"Nobody here wants it," said Roberts. "Th' boys I had with me, an' Miguel, an' myself have reasons to turn this camp fire into a slaughter, but we're sinkin' our grievances because this ain't no time to air 'em. I'm votin' for less squabblin'. We ain't out of this yet, an' we got four hundred head to get across th' desert. Time enough, later, to start fightin'. I'm goin' off to turn in where there ain't so much fool noise. I've near slept on my feet an' in th' saddle. Fight an' be d—d!" and he strode from the fire, keen eyes above watching his progress and where it ended.
The hum around the fire suffered no diminution by his departure, but the words were not audible to the listeners above. Soon Corwin angrily arose and left the circle, his blankets under his arm. His course also was marked. Then the two Mexicans went off, and the eager watchers chuckled softly as they saw the precious pair take lariats from the saddles of two picketed horses and slip noiselessly toward the feeding caviya. Roping fresh mounts, and the pick of the lot, they made the ropes fast and went back to the other horses. Soon they returned with their riding equipment and blankets, saddled the fresh mounts and, spreading the blankets a few feet beyond the radius of the picket ropes, they rolled up and soon were asleep.
"Sensitive to danger as hounds," muttered Johnny.
"Cunnin' as coyotes," growled Hopalong, glancing at the clear-cut, rocky rim across the valley, where Red by this time lay ensconced. "I hope he remembers to drop their cayuses first—Miguel's worth more to us alive."
"An' easier to take back," whispered Johnny. "We want 'em all alive—an' we'd never get 'em that way if they wasn't so played out. They'll sleep like they are dead—luck is with us."
Down at the dying camp fire Kane, his back to the hut, talked with Trask in tones which seemed more friendly, but the deputy was in no way lulled by the change.
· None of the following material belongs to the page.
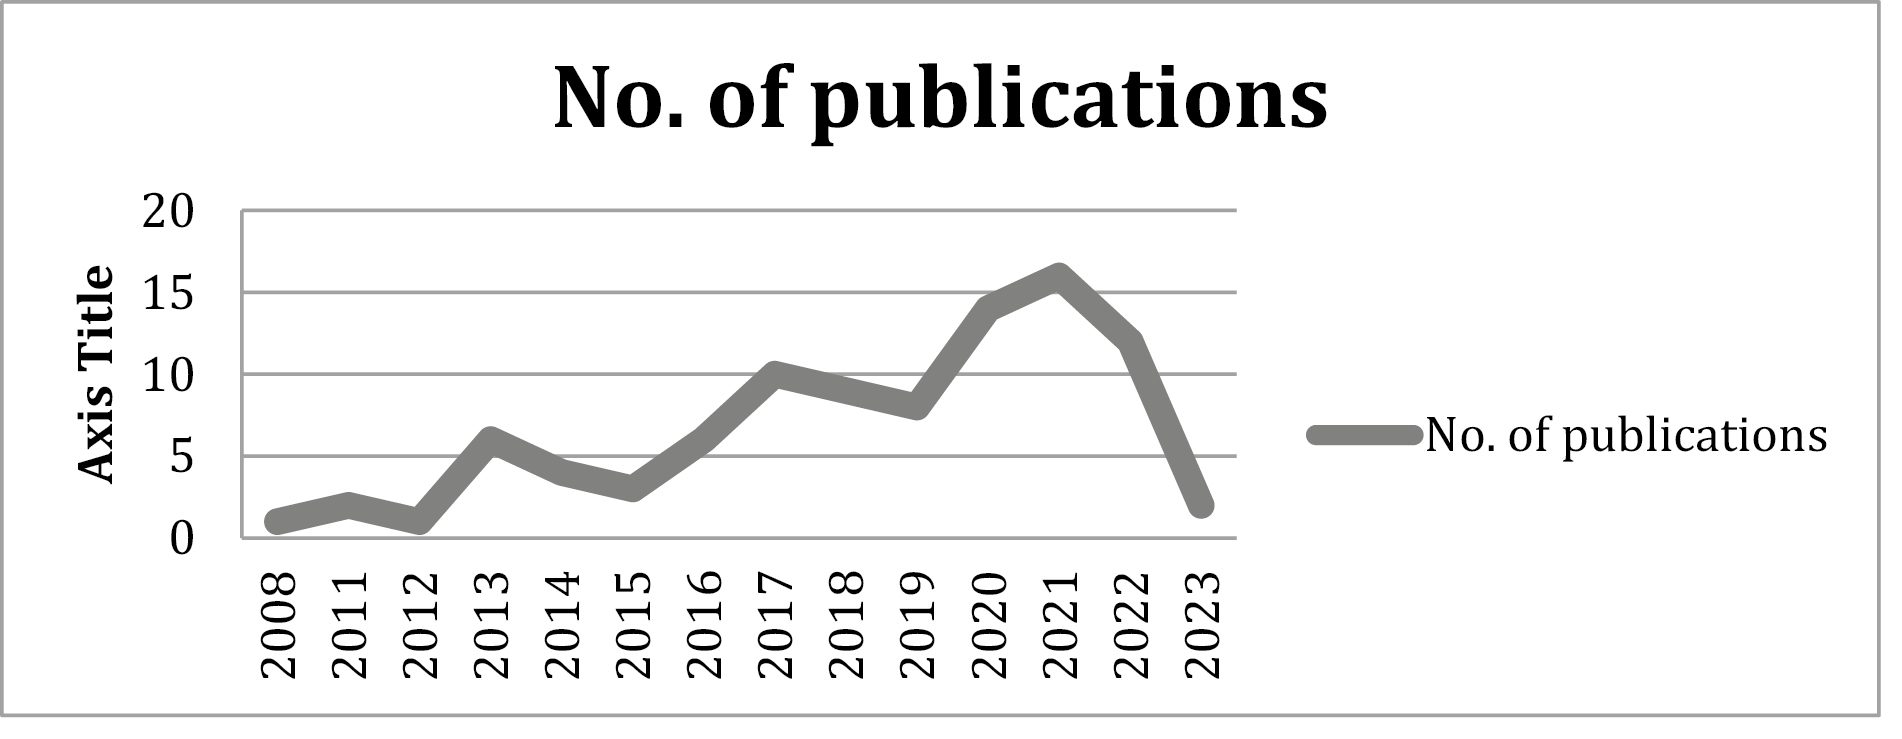 Number of publications per year.

He sensed a flaming animosity in the fallen boss, who blamed him for the wreck of his plans and the organization. Muttering a careless good night, Trask picked up his blankets and went off, leaving the bitter man alone with his bitterness.
Tired to the marrow of his bones, so sleepy that to remain awake was a torture, the boss dared not sleep. In the company of five men who were no longer loyal, whose greed exceeded his own, and each of whom nursed a real or fancied grudge against him and who searched into the past, into the days of his contemptuous treatment of them for fuel and yet more fuel to feed the fires of their resentment, he dared not close his eyes. On his person was a modest fortune compacted by the size of the bills and so well distributed that unknowing eyes would not suspect its presence; but these men knew that he would not leave his wealth behind him, to be perhaps salvaged from a hot and warped safe in the smoking ruins of his gambling-house.
He stirred and gazed at the glowing embers and an up-shooting tongue of flame lighted up the small space so vividly that its portent shocked through to his dulled brain and sent him to his feet with the speed and silence of a frightened cat. He was too plain a target and too defenseless in the lighted open, and like a ghost he crept away into the darker shadows under the great stone cliff, to pace to and fro in an agonizing struggle against sleep. Back and forth he strode, his course at times erratic as his enemy gained a momentary victory; but his indomitable will shook him free again and again; and such a will it was that when sleep finally mastered him it did not master his legs, for he kept walking in a circular course like a blind horse at a ginny.
When he had leaped to his feet and left the hut the watchers above kept him in sight and after the first few moments of his pacing they worked back from the valley's rim and slipped eastward.
"Here's th' best place," said Hopalong, turning toward the rim again. They looked over and down a furrow in the rock wall. "We'll need two ropes. It'll take one, nearly, to reach from here to that knob of rock an' go around it. Red's got a new hemp rope—bring that, too. If he squawks about us cuttin' it, I'll buy him a new one. Got to have tie ropes."